Martinsos / edlib

Lightweight, super fast C/C++ (& Python) library for sequence alignment using edit (Levenshtein) distance.
http://martinsos.github.io/edlib
MIT License
493 stars 162 forks source link

Generic Edlib #147

Closed mobinasri closed 4 years ago

mobinasri commented 4 years ago

The first PR in the path of modifying edlib to support generic sequences Here is a brief summary of what has changed;

  1. The constructor of EqualityDefition is commented and its method, areEqual(), returns the simple equality(==) of two given symbols. As you said we can discuss later how to generalize this feature for generic alphabets.
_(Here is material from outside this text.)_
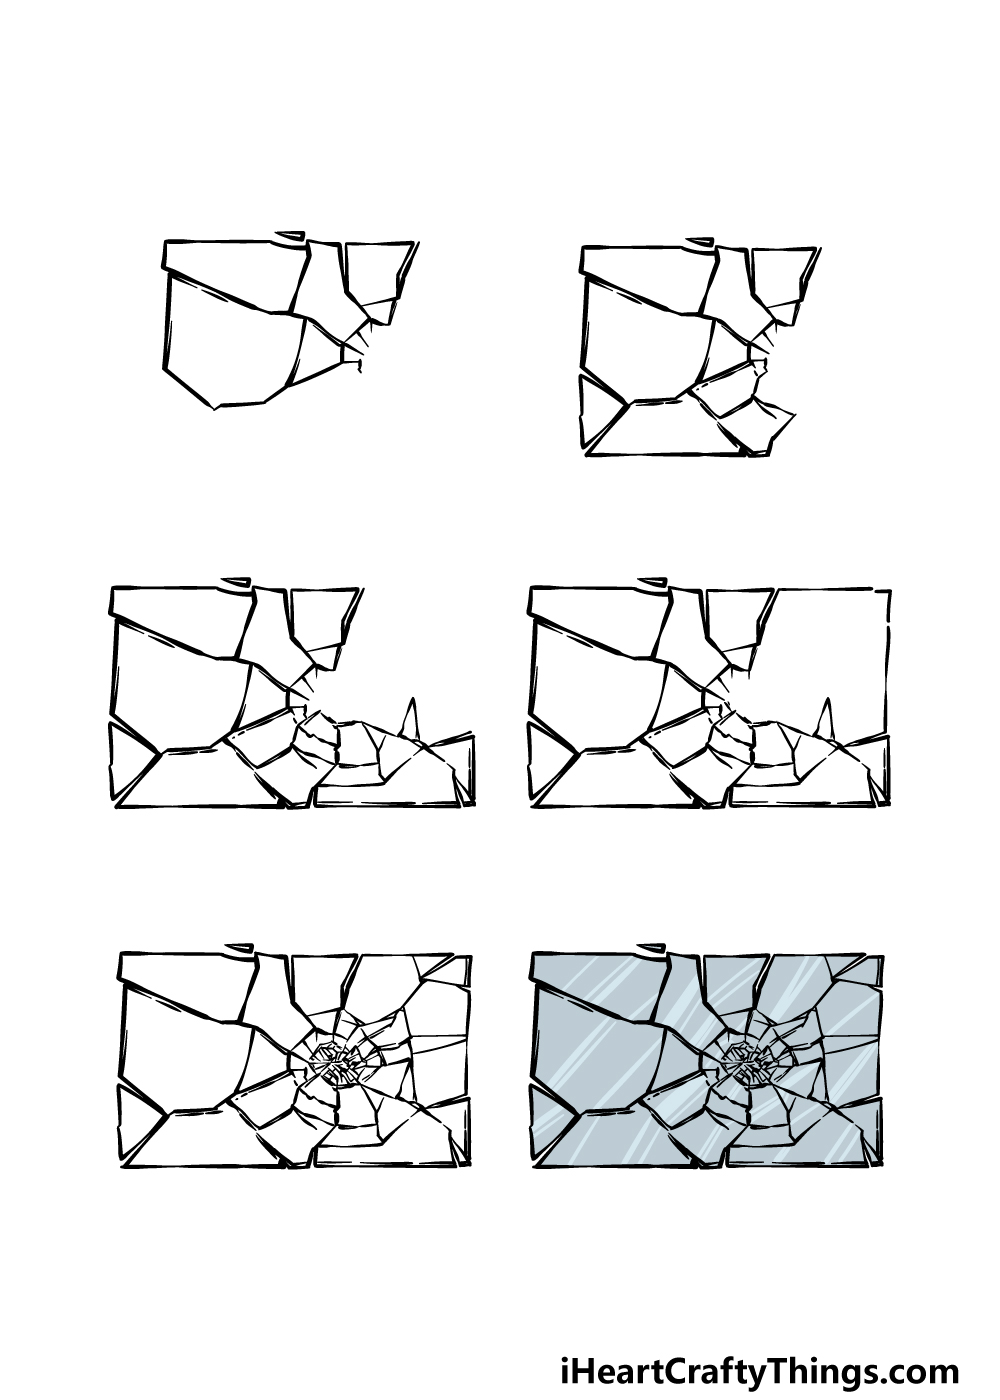 how to draw broken glass in 6 steps

  2. The main function of the library, edlibAlign, is replaced by its template. For calling it, the type of symbols in input sequences has to be determined. AlphabetType is the name of this data type. The type for indexing the symbols is changed to uint32_t. It limits the alphabet size (of two given sequences) to 4 billion. We don't expect to see such a large alphabet. It seems that should work for most cases.

  3. "runTests.cpp" is modified, now it uses all the previous character-based tests to make sure that everything is fine at least for those tests. (Just one test is failed because of using additionalEqualities in that test.)

Martinsos commented 4 years ago

Closing this one since #148 replaced it.